What is needed ->
Here the answer should be the line with "Cafe Barsel Blend 80,s 500 g gemahlen" and all the lines after it through the end of the listing, each repeated exactly, and no other text.

Record extracts ->

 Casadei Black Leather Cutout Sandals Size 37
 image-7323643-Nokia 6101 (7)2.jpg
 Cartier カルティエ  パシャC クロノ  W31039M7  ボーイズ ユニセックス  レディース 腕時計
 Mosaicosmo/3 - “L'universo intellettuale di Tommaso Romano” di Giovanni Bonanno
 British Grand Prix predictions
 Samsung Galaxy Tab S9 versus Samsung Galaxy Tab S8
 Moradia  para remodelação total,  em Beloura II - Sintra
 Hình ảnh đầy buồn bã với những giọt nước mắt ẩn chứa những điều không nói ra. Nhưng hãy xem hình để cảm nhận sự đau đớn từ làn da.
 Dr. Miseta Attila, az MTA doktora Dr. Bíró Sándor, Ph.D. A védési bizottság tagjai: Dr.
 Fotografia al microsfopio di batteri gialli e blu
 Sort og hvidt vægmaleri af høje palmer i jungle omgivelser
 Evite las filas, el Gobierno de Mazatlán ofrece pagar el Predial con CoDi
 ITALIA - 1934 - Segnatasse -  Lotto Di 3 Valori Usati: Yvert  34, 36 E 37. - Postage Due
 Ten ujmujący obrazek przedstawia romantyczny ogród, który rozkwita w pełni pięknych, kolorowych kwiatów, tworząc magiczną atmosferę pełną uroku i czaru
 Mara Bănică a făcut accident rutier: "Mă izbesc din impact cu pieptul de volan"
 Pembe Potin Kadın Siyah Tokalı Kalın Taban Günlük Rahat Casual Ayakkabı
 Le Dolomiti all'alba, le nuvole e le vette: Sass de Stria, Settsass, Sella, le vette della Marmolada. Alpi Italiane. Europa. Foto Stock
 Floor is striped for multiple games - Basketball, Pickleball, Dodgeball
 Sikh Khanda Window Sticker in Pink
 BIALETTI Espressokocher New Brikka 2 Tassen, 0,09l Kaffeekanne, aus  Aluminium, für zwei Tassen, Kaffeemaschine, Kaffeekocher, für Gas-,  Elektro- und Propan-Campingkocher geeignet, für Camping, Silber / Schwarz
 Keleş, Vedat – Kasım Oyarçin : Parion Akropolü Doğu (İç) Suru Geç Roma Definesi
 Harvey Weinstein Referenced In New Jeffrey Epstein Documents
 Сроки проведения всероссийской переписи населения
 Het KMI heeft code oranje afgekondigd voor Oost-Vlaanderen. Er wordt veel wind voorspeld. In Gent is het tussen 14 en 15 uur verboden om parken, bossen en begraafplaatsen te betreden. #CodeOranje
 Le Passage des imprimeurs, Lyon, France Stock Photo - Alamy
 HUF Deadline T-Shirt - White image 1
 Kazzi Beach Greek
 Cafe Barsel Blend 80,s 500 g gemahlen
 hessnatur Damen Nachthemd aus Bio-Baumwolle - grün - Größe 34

Solved exercise ->
 Cafe Barsel Blend 80,s 500 g gemahlen
 hessnatur Damen Nachthemd aus Bio-Baumwolle - grün - Größe 34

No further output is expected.